Daily Archives: September 15, 2017

ESTHER

It was no ordinary beauty contest. Probably hundreds of young, beautiful virgins had been brought from all over the empire out of every province to king Ahasuerus, to the palace at Shushan, in order for him to select a replacement for fair Vashti, whom he had rejected as queen because of her refusal to obey his commands (2:8). A certain beautiful, young, Jewish woman was among those women brought there and her name was Hadassah, a name meaning “myrtle,” a fragrant evergreen shrub or small tree with star shaped flower.

Hadassah was an orphan, “for she had neither father or mother,” and her cousin Mordecai raised her as his own daughter when her parents died (2:7). Mordecai was from the tribe of Benjamin and of the family of Kish, which had been carried away into captivity in 597 B. C., about eight years after Daniel was taken into captivity (Dan. 1:1; II Kings 24:15). He apparently had some role “in Shushan the palace” (2:5) and in this capacity he could keep an eye on his adopted daughter Hadassah, who had been taken from him and given to the custody of one Hegai, keeper of the women (2:8,10).

While Hadassah was Jewish, under the counsel of Mordecai, she had concealed this fact to everyone.
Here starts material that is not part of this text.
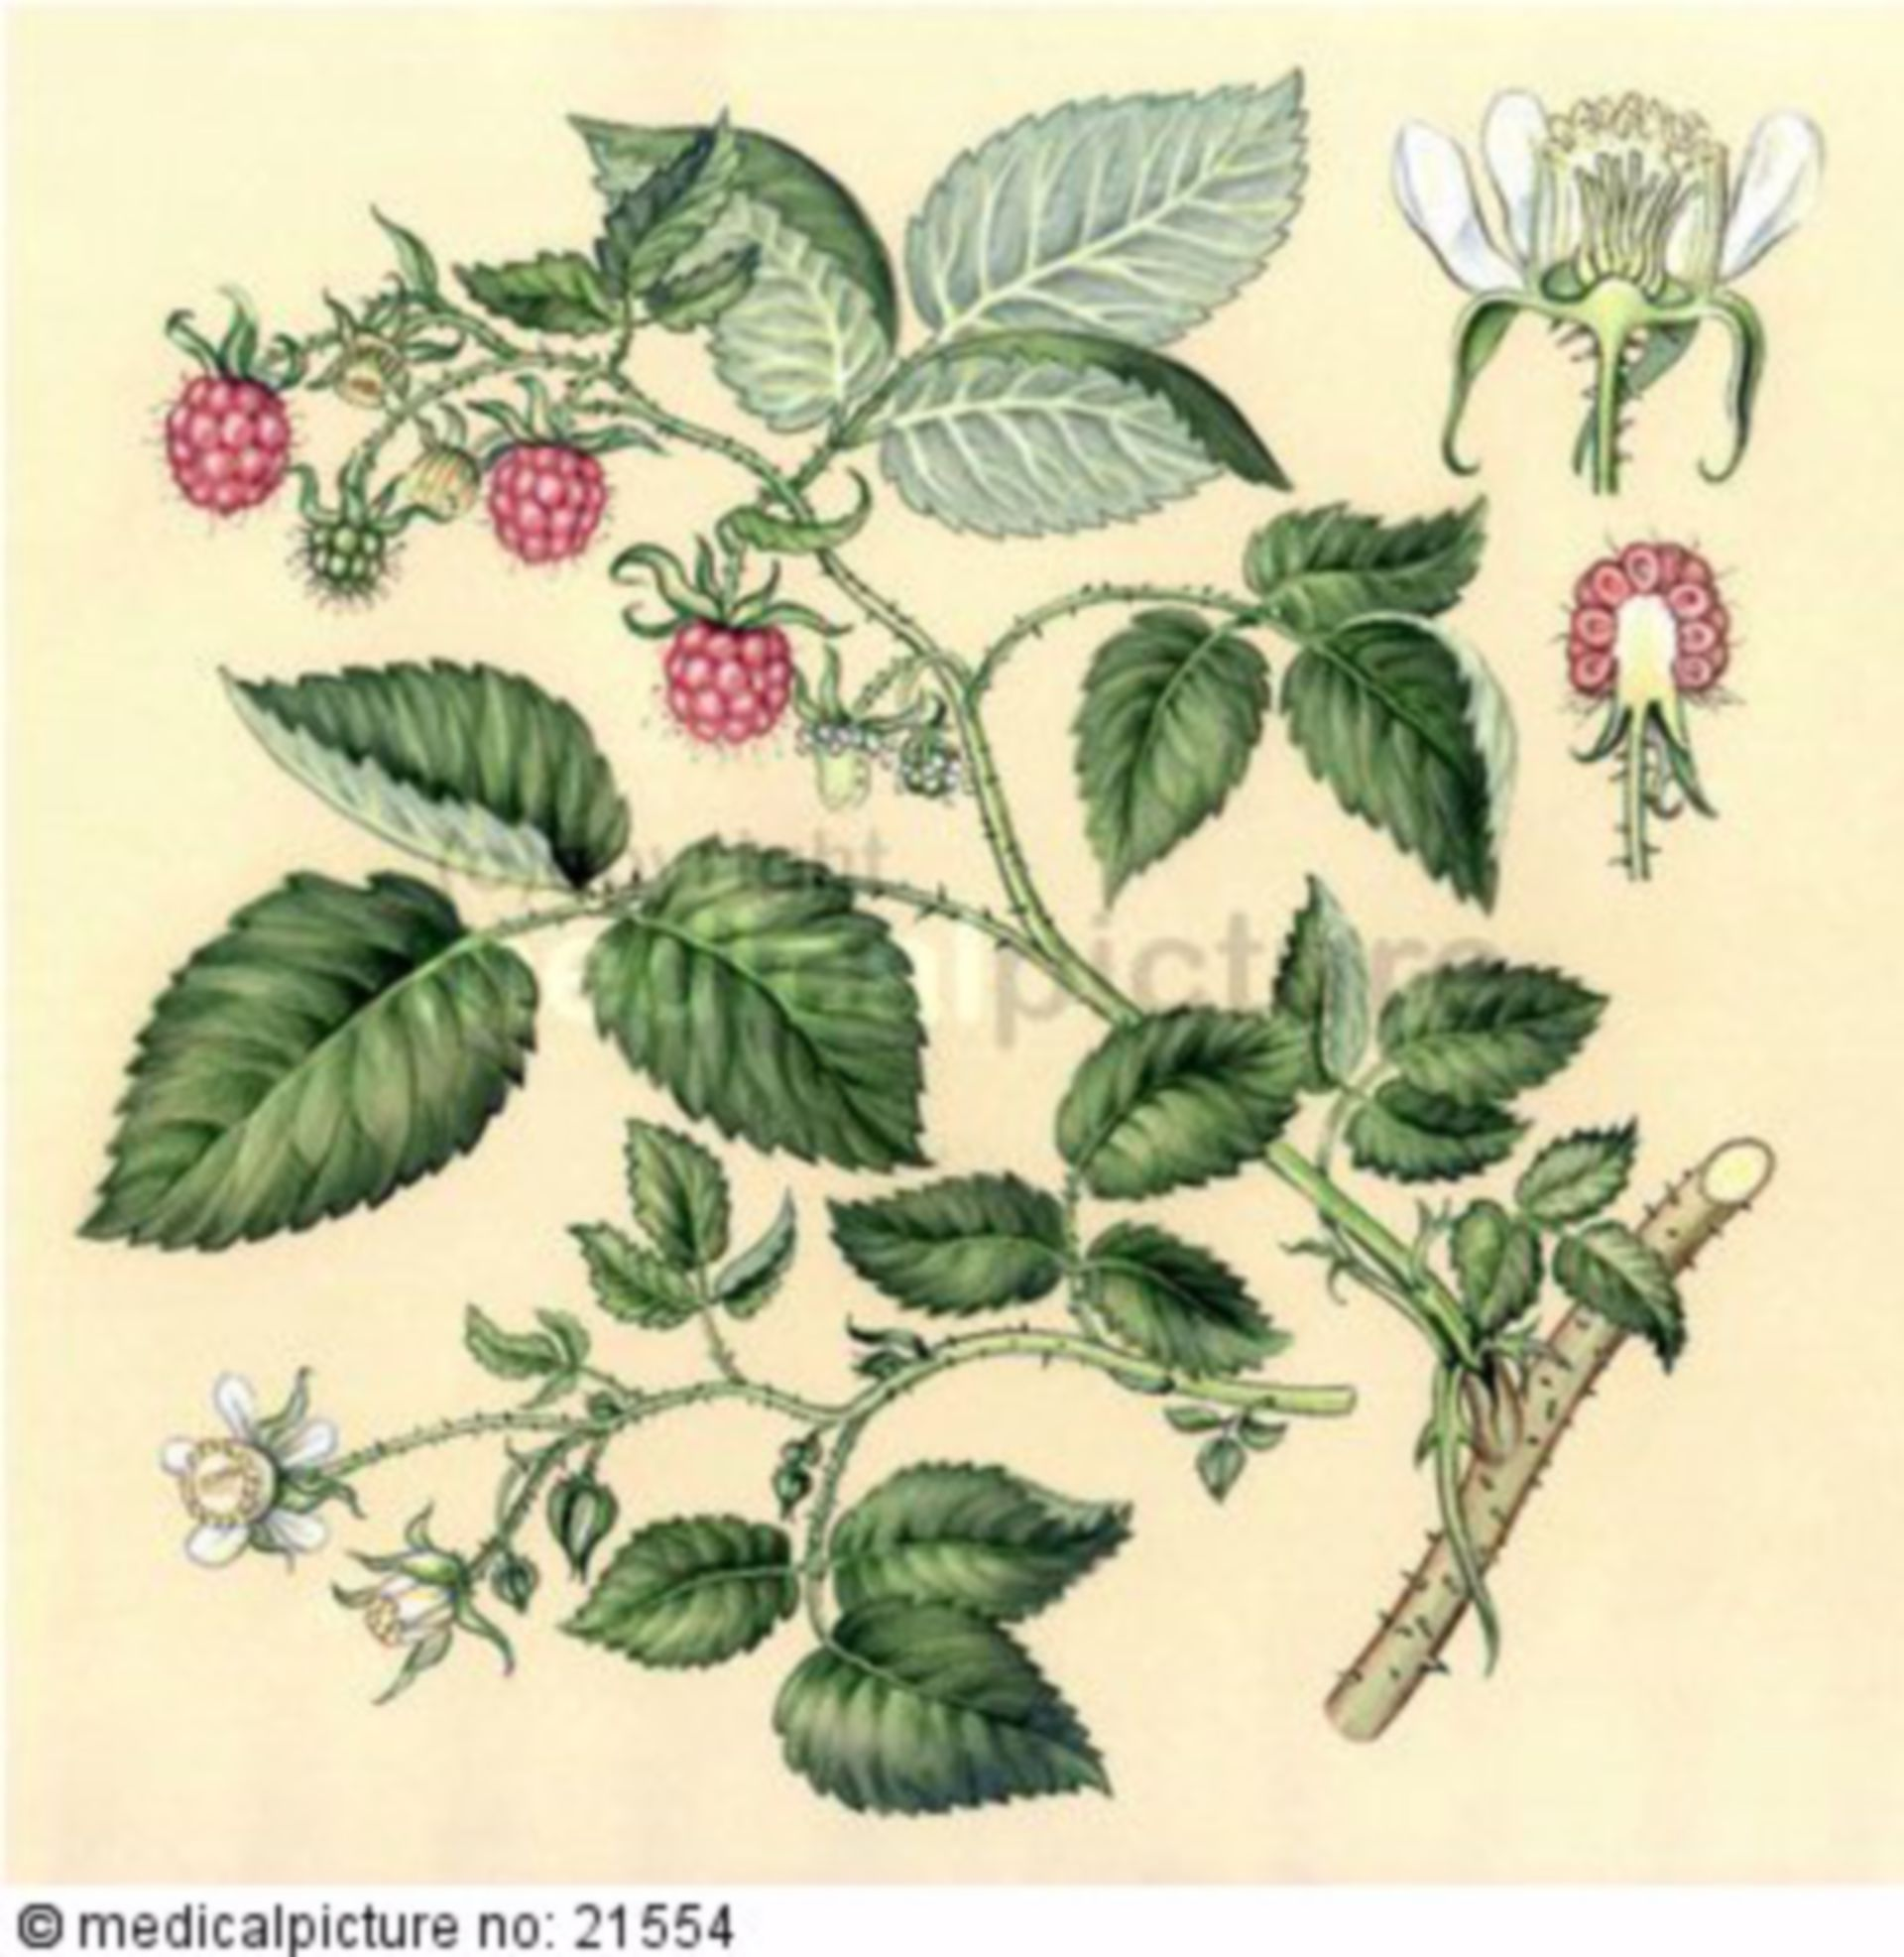 Himbeere, Rubus idaeus
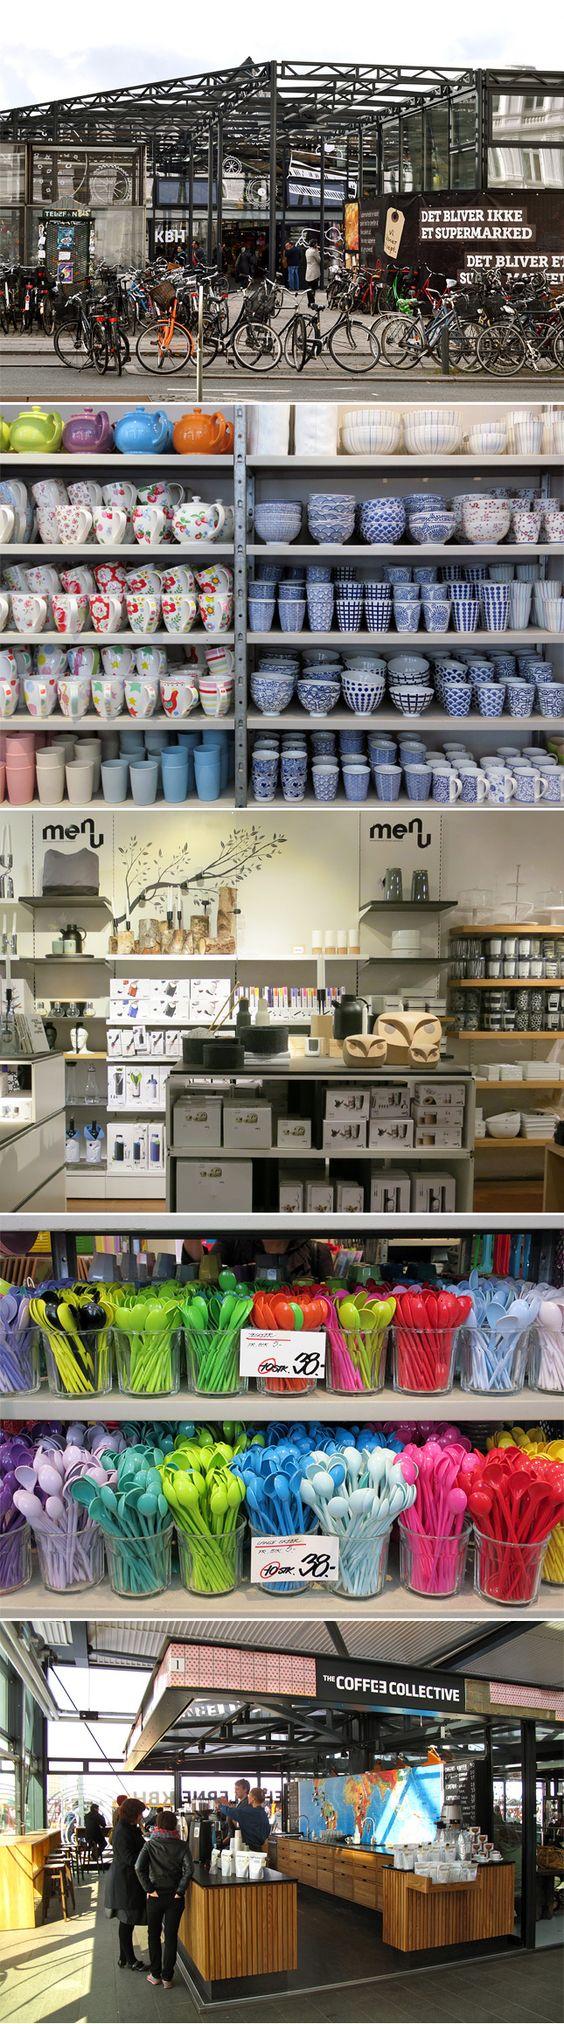 Top Five Stores for Food, Craft, and Design Lovers in Copenhagen

Her name had been changed from Hadassah to Esther, a Persian name which meant “star.” The keeper of the women was instantly taken with Esther and he carefully chose seven maidens to attend to her needs and gave her special and preferred treatment. Each of the other virgins which had been taken were allowed to go into the king and were provided with whatever they might need to make them desirable to him. Esther, however, required nothing but what Hegai had already provided (2:15).

All that laid eyes on Esther were immediately smitten with her beauty and character (2:15). Ahasuerus, or Xerxes, was no different. “And the king loved Esther above all the women, and she obtained grace and favour in his sight more than all the virgins; so that he set the royal crown upon her head, and made her queen instead of Vashti” (2:17). And so a Jewess was placed in a strategic position in the palace and she had the king’s ear.

Now Esther was always obedient to her adopted father Mordecai, even after she had been made queen (2:20). When Mordecai uncovered a plot to kill Ahasuerus, he was able to warn the king through Esther and save his life (2:21-23). These events and how they transpired were dutifully recorded in the chronicles of the Persian king (2:23). But while Mordecai was kind to the king, there were those in the kingdom who sought his destruction.

Haman’s particularly intense hatred for, not only Mordecai, who refused to bow down to Haman (3:1-4), but for all of the Jews, manifested itself in an attempt to exterminate the Jewish race (3:8). By moving the king to agree to this extermination, Haman was advancing his own interests, not the King’s. His own pride, however, would let him see neither the forces developing against him nor the God he would be fighting. In his blind arrogance, he also prepared a gallows upon which he intended to hang Mordecai.

The crux of this historical account of this part of Esther’s life is found in Mordecai’s reminder to Esther: You may well have been brought to this position for just this purpose–the salvation of God’s people (4:13,14). Esther takes these words to heart and delicately approaches the king and invites him and Haman to a banquet of her own making the next evening, intending to contravene Haman’s pernicious plot, even at the risk of her own life (4:16).

The night before the banquet, however, the king becomes curiously restless and reads from the royal chronicles, and reads of Mordecai’s actions in saving the king’s life. Ironically, and with justice poetic, just as Haman would speak to the king about hanging Mordecai, the king has Haman bestow upon Mordecai the blessing Haman thought he should receive (6:4-13).

The next evening, at the queen’s banquet, Haman is outed as the perpetrator of great crimes against Mordecai, Esther and the Jewish people. The Jews were given authority to defend themselves and Haman was hanged upon his own gallows (7:10). Through a series of Providential actions, God had used this young lady to save the Jews from extermination. “God works in mysterious ways His wonders to perform.” If God can use Esther (and Mordecai and Joseph and Moses, etc., etc.), then He can use you and me. Who knows if you were brought into the Kingdom for such a time as this? God does. Let Him use you.